3. The training method according to claim 1, characterized in that, The transferred target detection model is the model developed on the GPU platform and then transferred to the NPU using an automatic transfer tool.

4. The training method according to claim 3, characterized in that, The migration target detection model is a binary compiled and optimized model; The binary compilation optimization is as follows: when the shapes of the input and output tensors of the target detection model developed on the GPU platform are fixed, the compilation mode in the automatic migration tool is set to fixed shape compilation mode. When the shapes of the input and output tensors of the object detection model developed on the GPU platform are not fixed, the compilation mode in the automatic migration tool is set to dynamic shape compilation mode.

5. The training method according to claim 1, characterized in that, During the training of the transfer model P1 on the NPU using the object detection training set, in the data loading phase, the image sample data in the object detection training set is allocated to the locked memory on the NPU.

6. The training method according to any one of claims 1-5, characterized in that, During the training of the transfer model P1 on the NPU using the object detection training set, image sample data from the host memory to the NPU device memory is transferred in a non-blocking data delivery manner during the model training phase.

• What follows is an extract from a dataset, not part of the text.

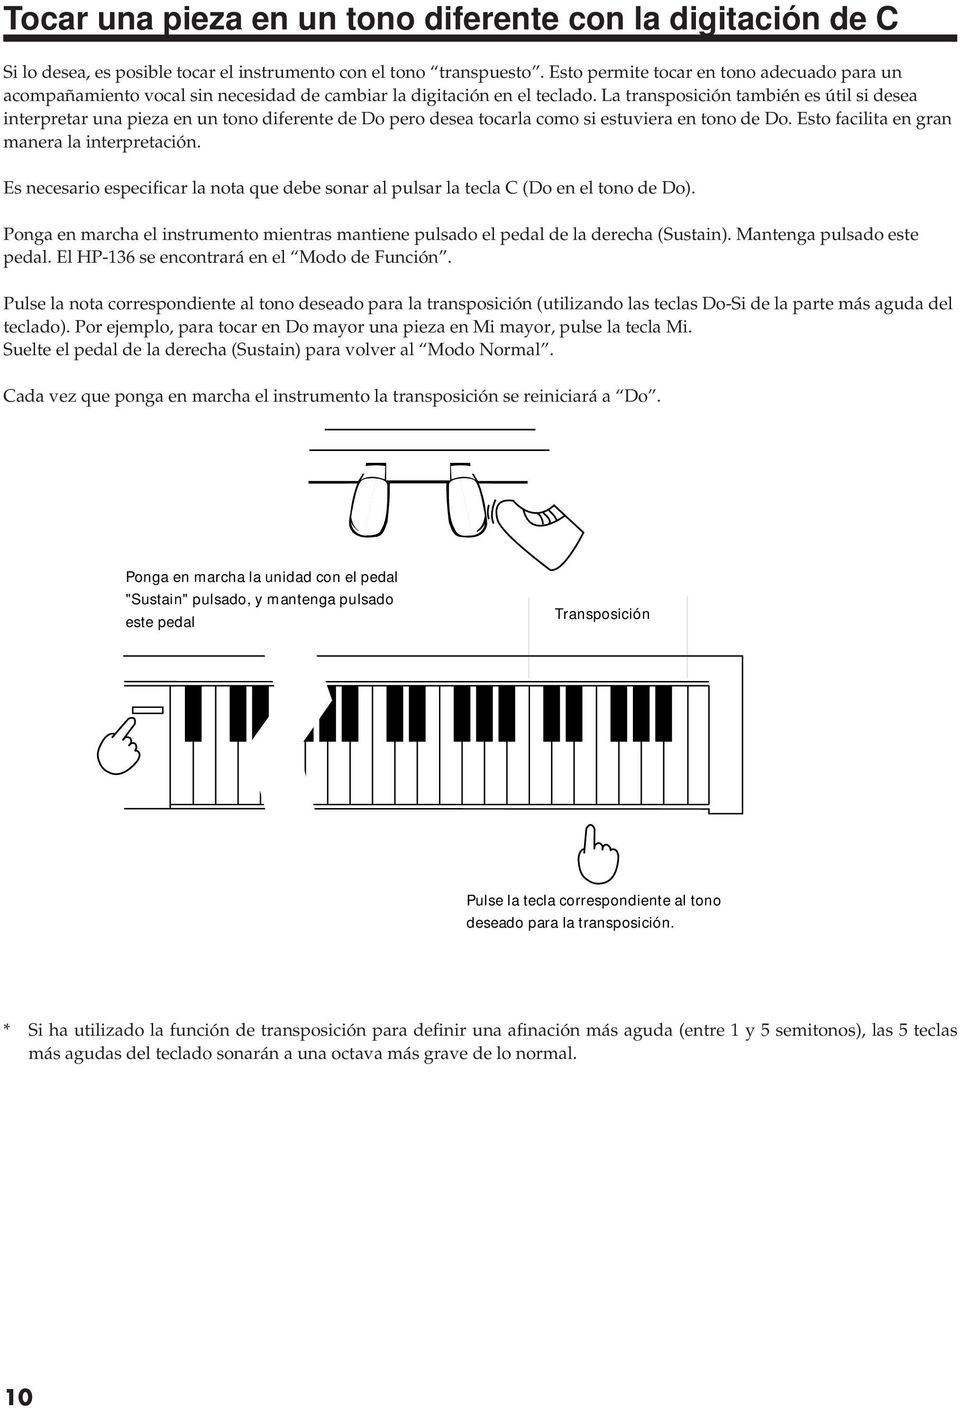 La transposición también es útil si desea interpretar una pieza en un tono diferente de Do pero desea tocarla como si estuviera en tono de Do. Esto facilita en gran manera la interpretación.

7. The training method according to any one of claims 1-5, characterized in that, During the training of the transfer model P1 on the NPU using the object detection training set, image sample data from the host memory to the NPU device memory is transferred in a non-blocking data delivery manner during the model training phase.

8. The training method according to any one of claims 1-5, characterized in that, The moving target detection model also includes: gradient scaler.

9. The training method according to any one of claims 1-5, characterized in that, The target detection training set is a set of labeled PCB image training samples; the labels include: whether there are defects, and the location information of the defects; The method for obtaining the PCB image training sample set includes: Obtain the original PCB image set; the original PCB image set includes only images of defective PCBs; Each PCB image in the original PCB image set is cut according to a preset overlap ratio to obtain the first image set; Select multiple defective PCB images and multiple flawless PCB images from the first image set, making their ratio a preset ratio, and mark the areas where the defects are located in the defective PCB images to obtain the second image set; Perform one or more of the following operations on the defective PCB images in the second image set: scaling, stretching, rotation, color transformation, brightness and contrast enhancement, and adding Gaussian noise.

10. A target detection method based on NPU, characterized in that, include: The image to be classified is input into a pre-trained transfer target detection model on the NPU for classification. The transferred target detection model is a model developed on the GPU platform and then transferred to the NPU; the pre-trained transferred target detection model is obtained by pre-training using the training method described in any one of claims 1-9.